__Exercise prompt__:
Look below for the line with "Niebieskie tło z". Retype it and every line after it to the end, exactly, but leave out the pictures.

__Data__:
####

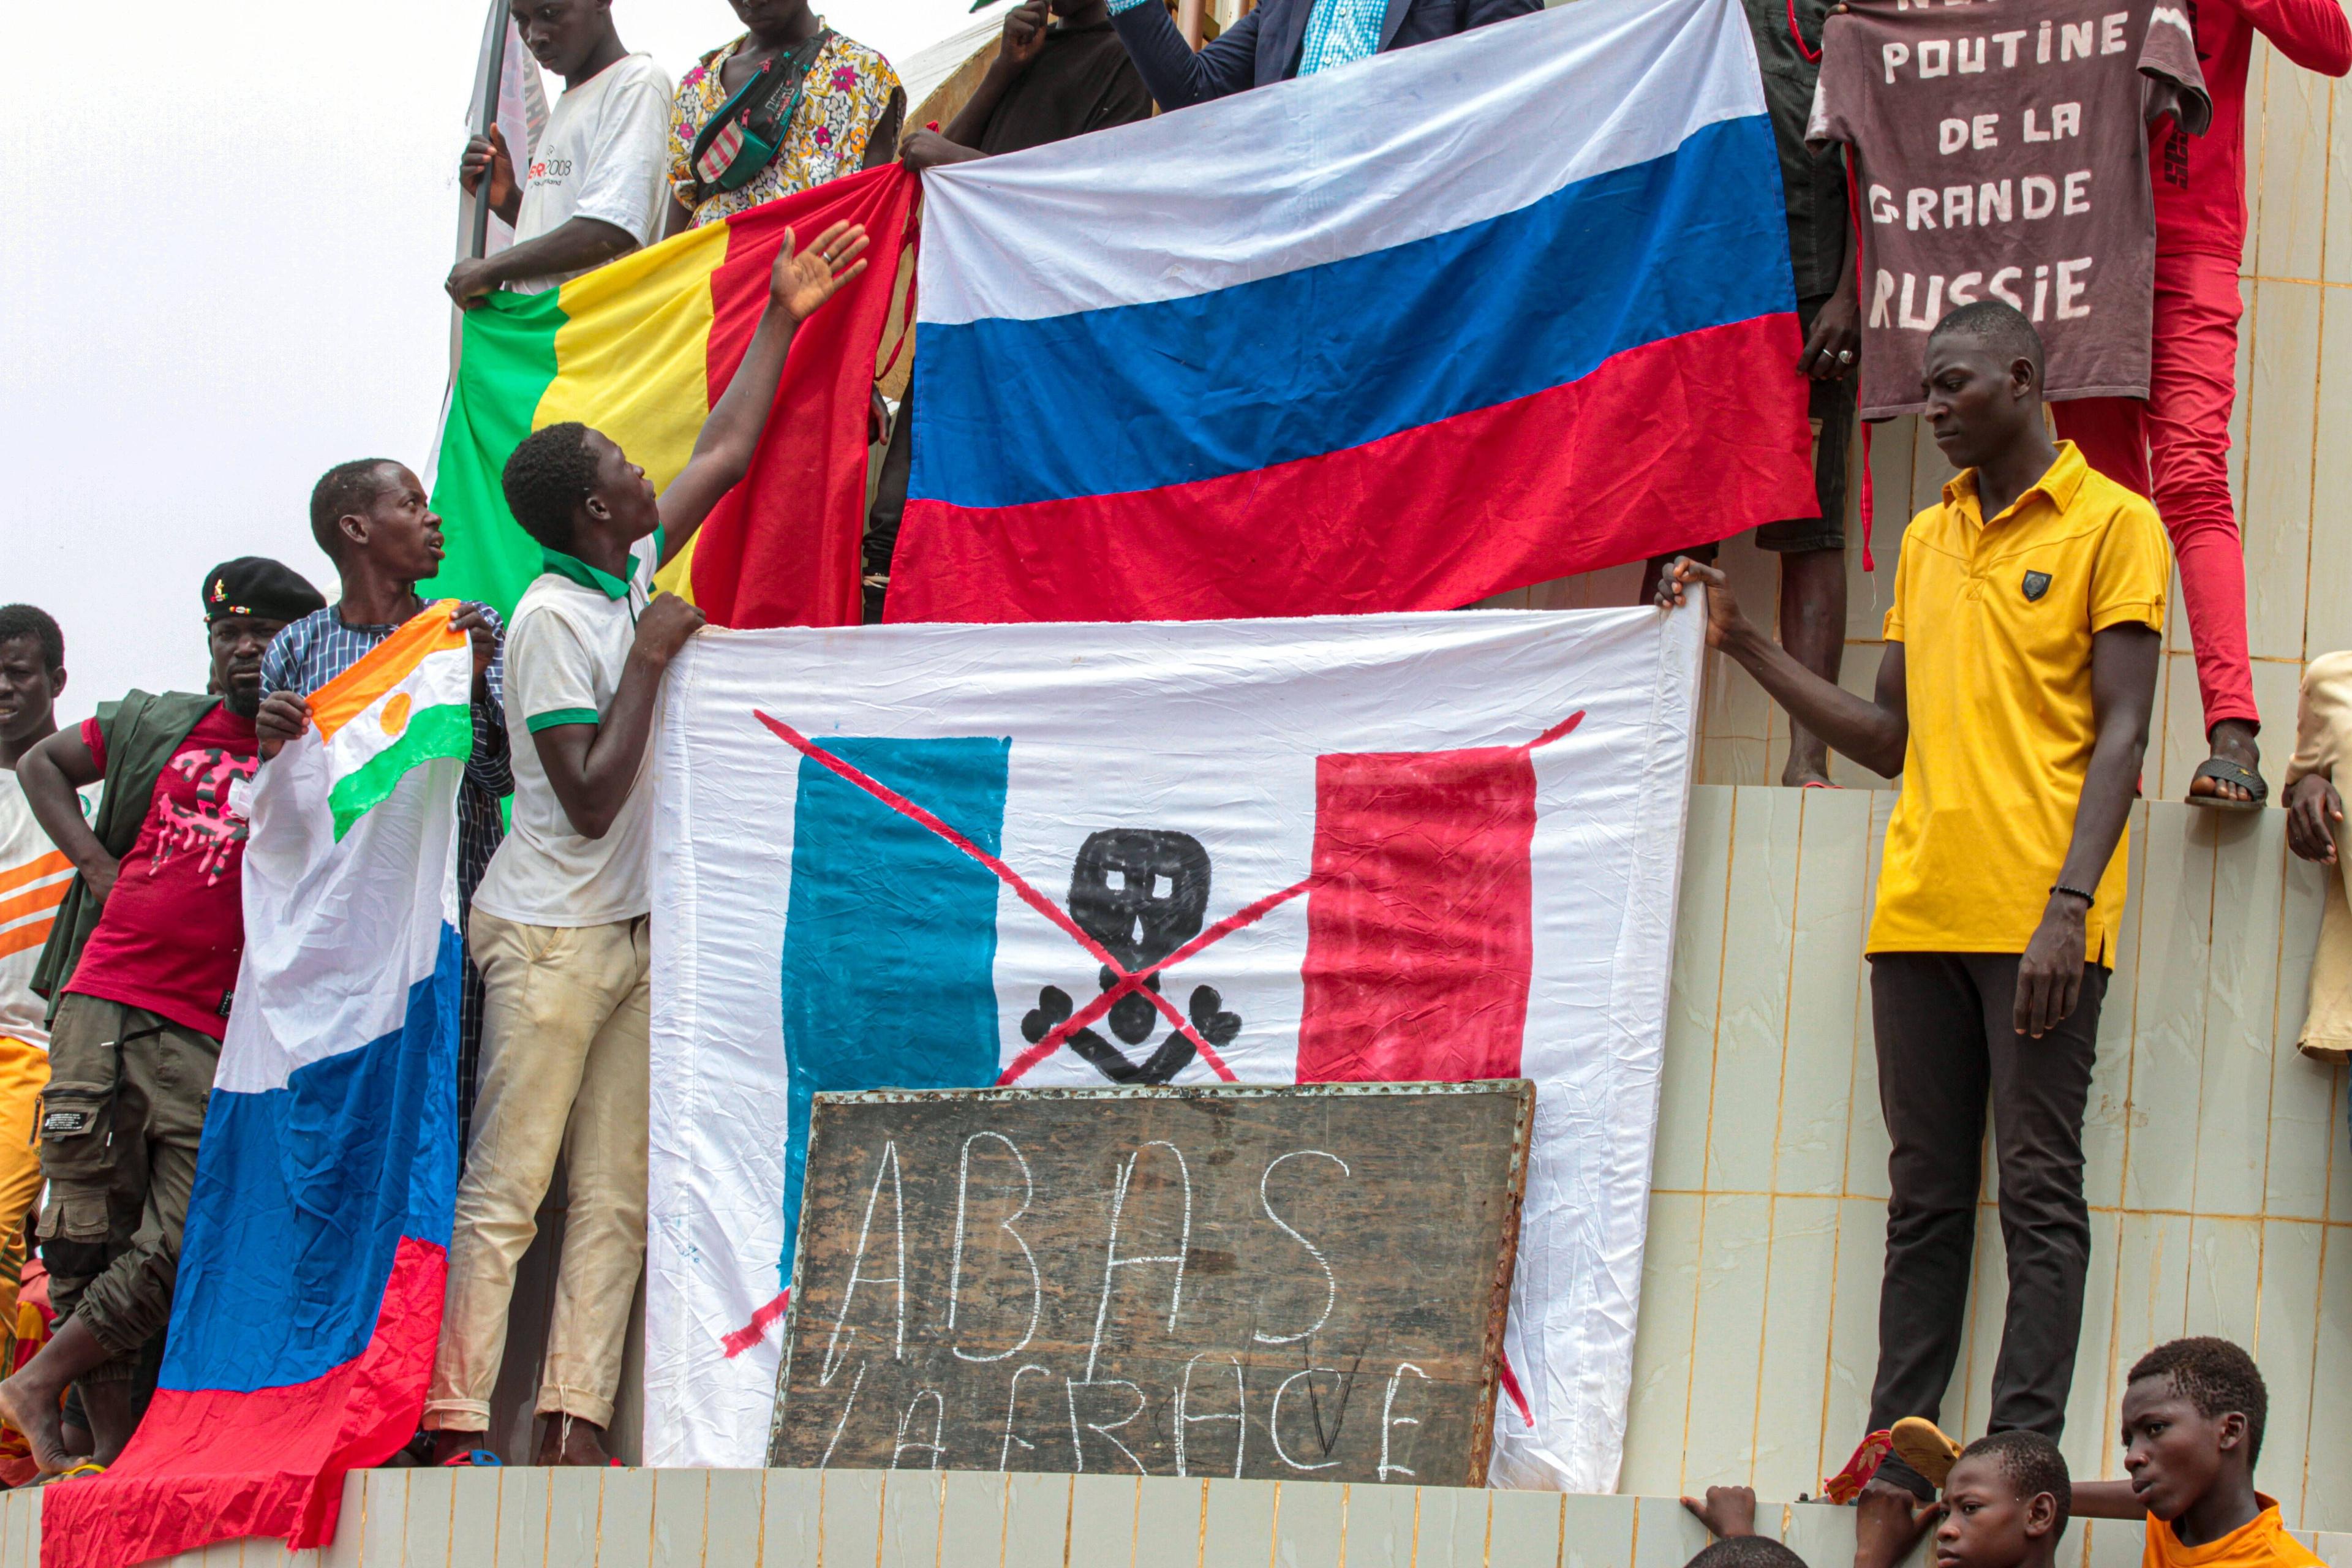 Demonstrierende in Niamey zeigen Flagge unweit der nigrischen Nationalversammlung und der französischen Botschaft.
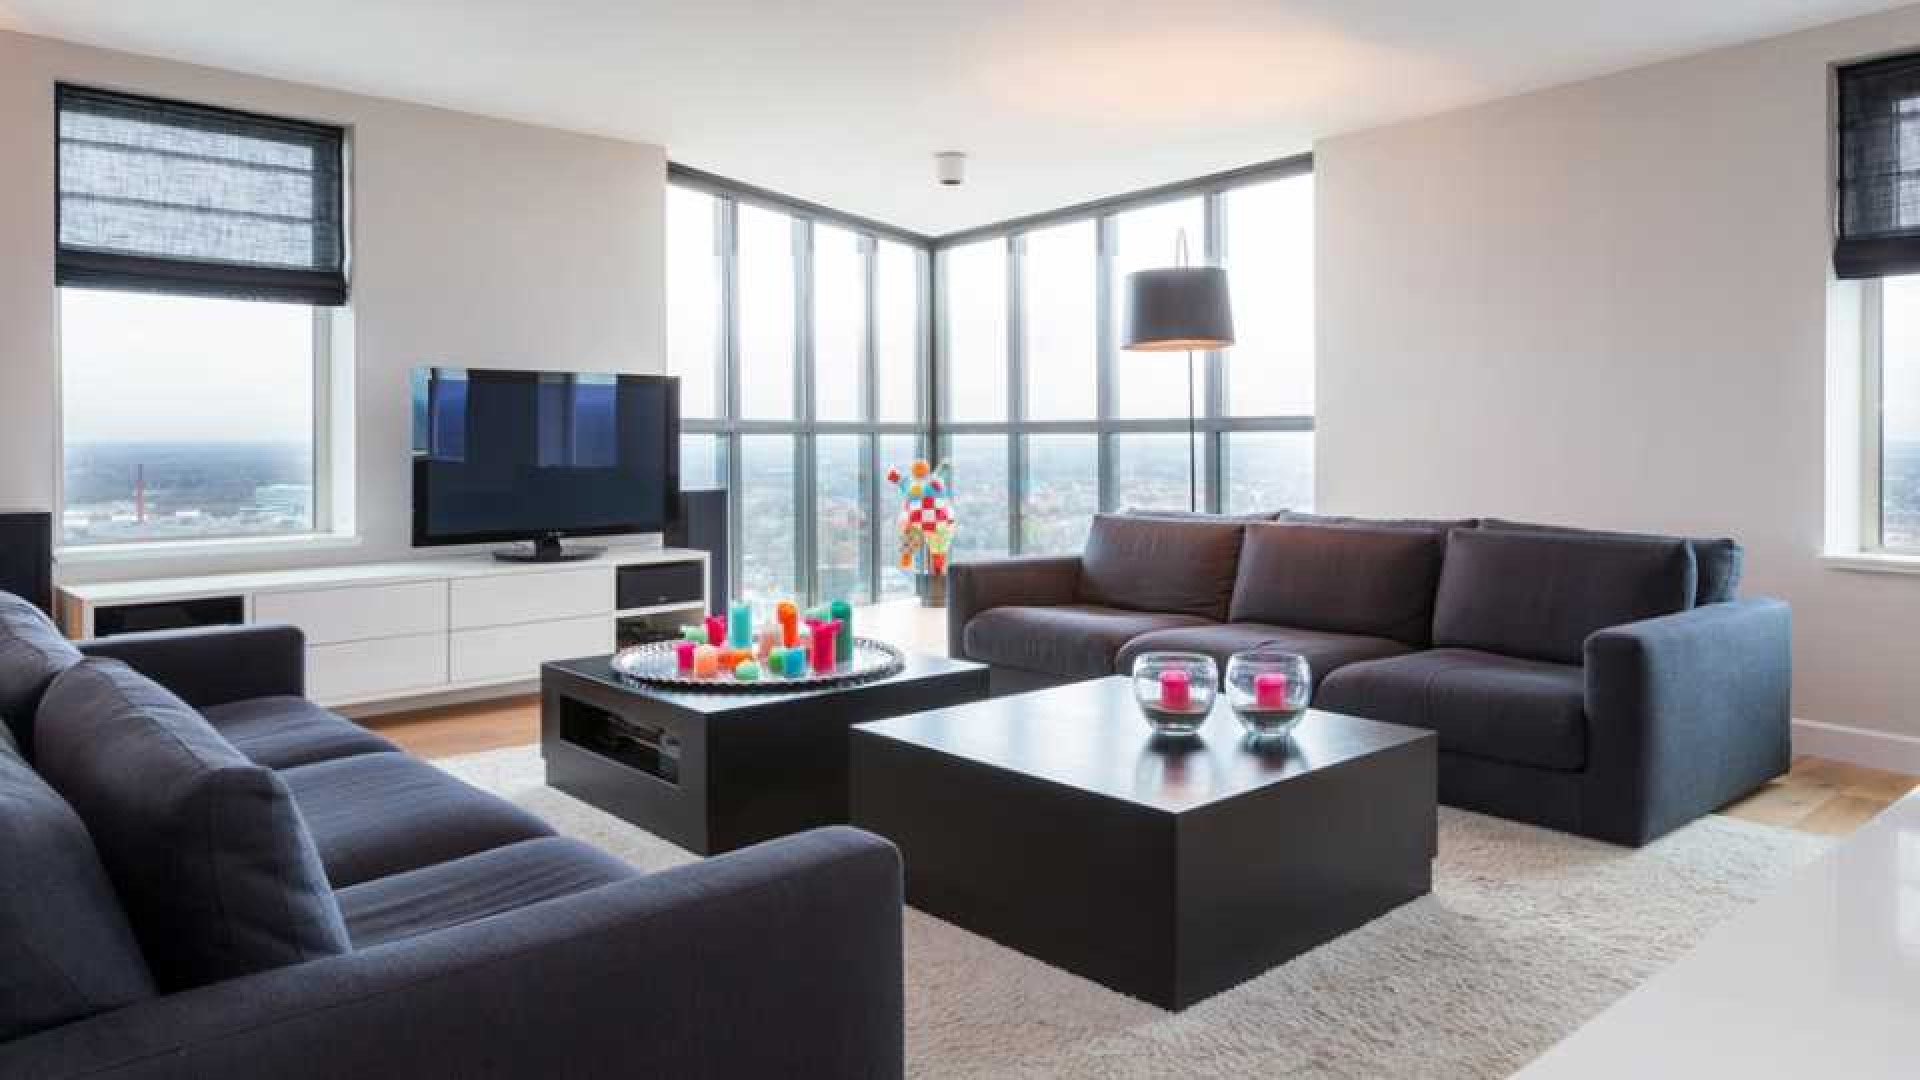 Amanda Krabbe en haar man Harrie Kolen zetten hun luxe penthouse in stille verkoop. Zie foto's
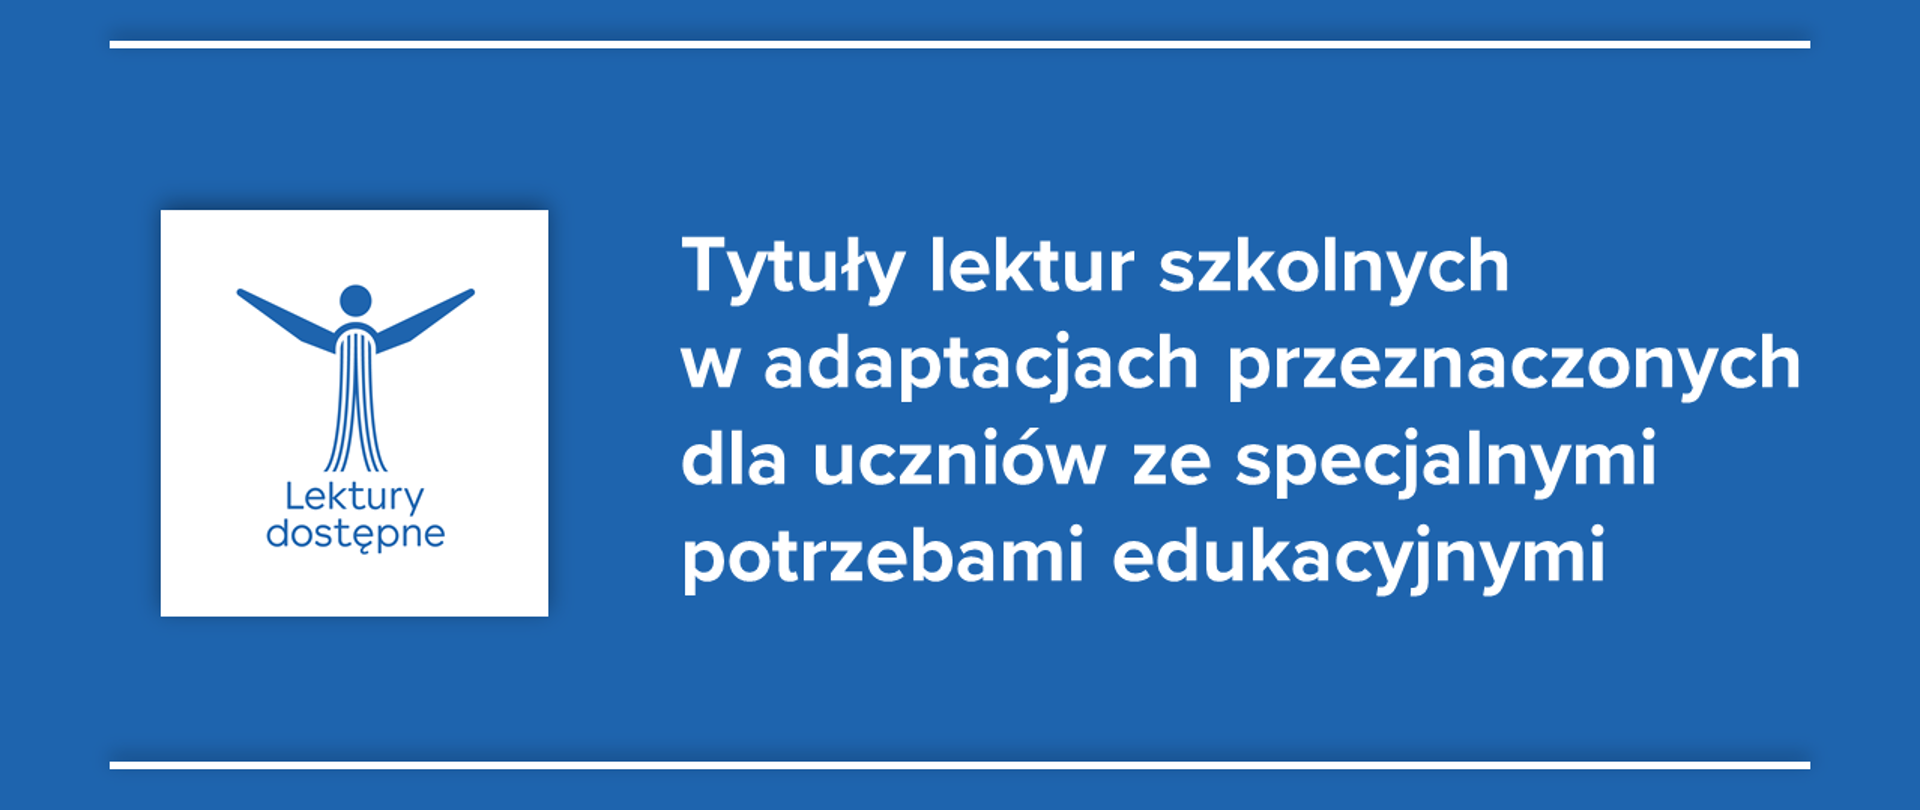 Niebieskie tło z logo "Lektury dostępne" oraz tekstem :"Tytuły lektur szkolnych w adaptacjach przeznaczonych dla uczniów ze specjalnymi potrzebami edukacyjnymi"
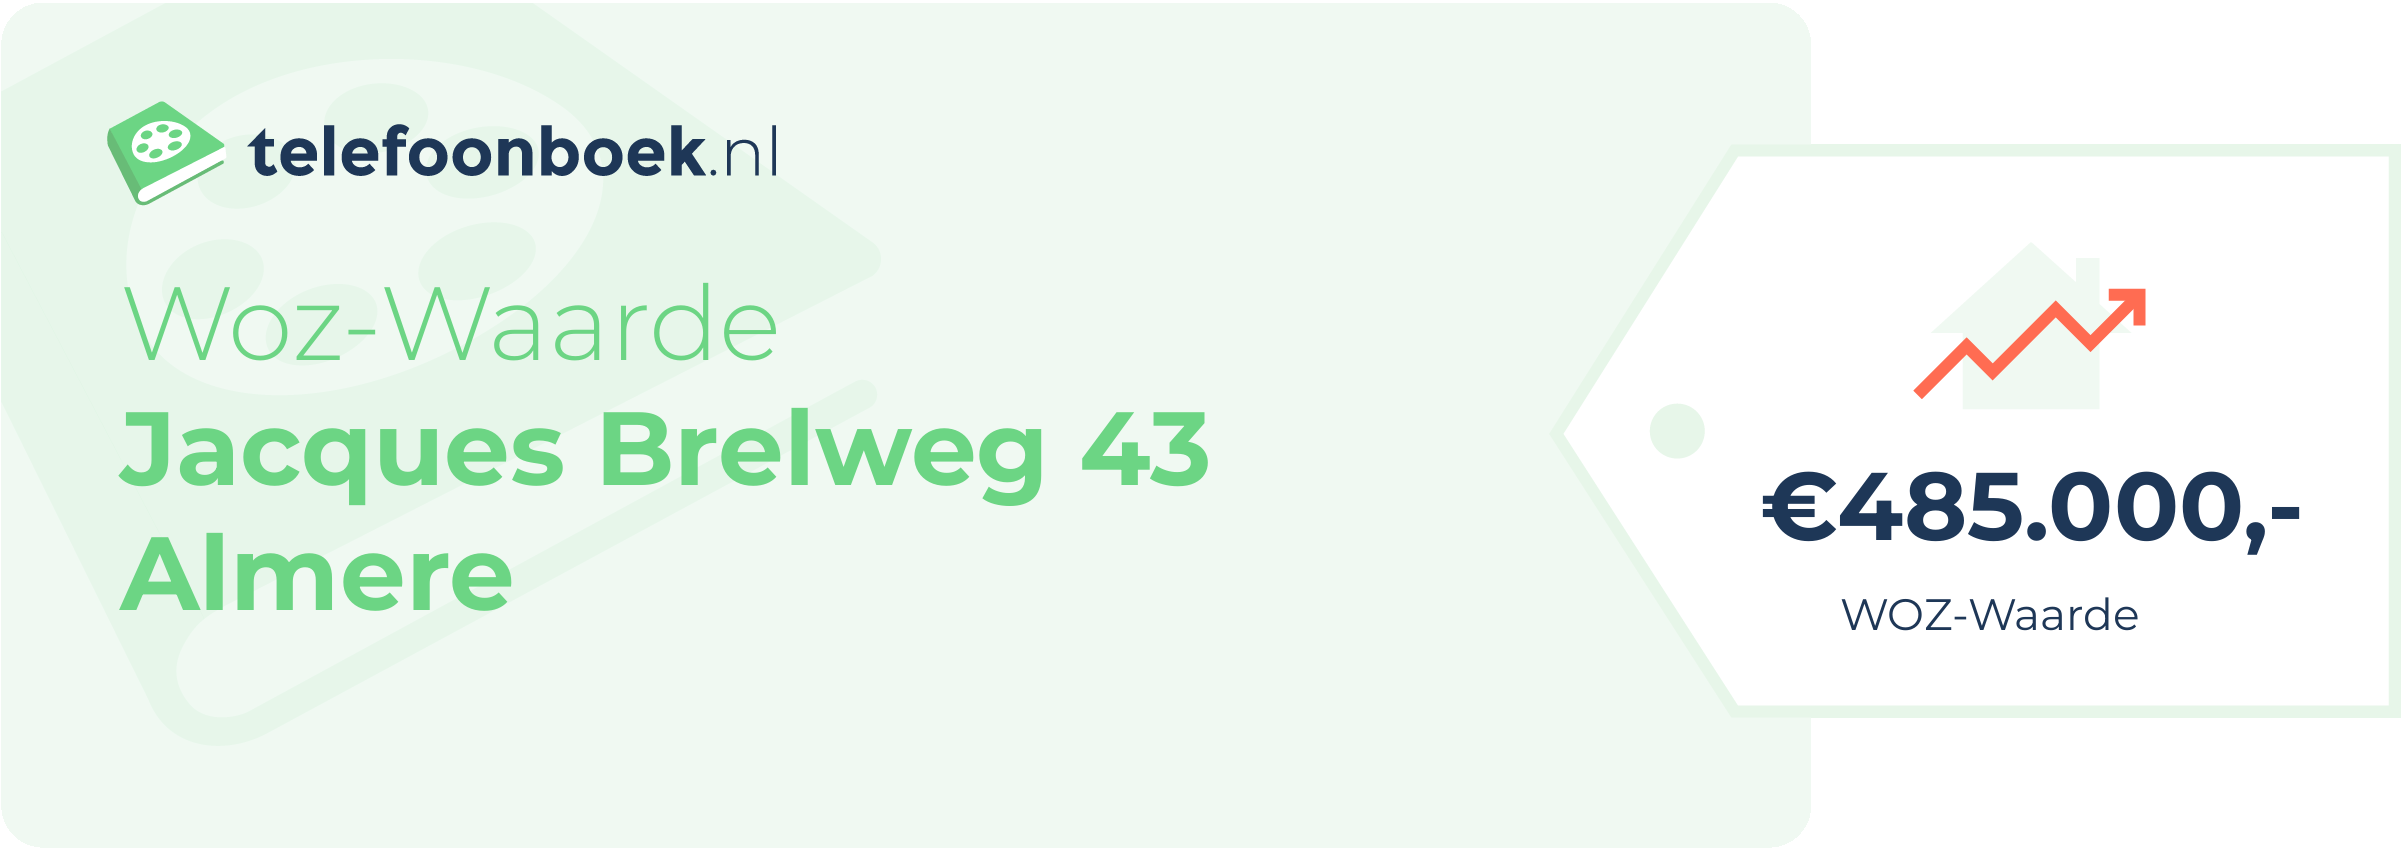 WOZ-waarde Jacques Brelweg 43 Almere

####

__Result of this exercise__:
 Niebieskie tło z logo "Lektury dostępne" oraz tekstem :"Tytuły lektur szkolnych w adaptacjach przeznaczonych dla uczniów ze specjalnymi potrzebami edukacyjnymi"
 WOZ-waarde Jacques Brelweg 43 Almere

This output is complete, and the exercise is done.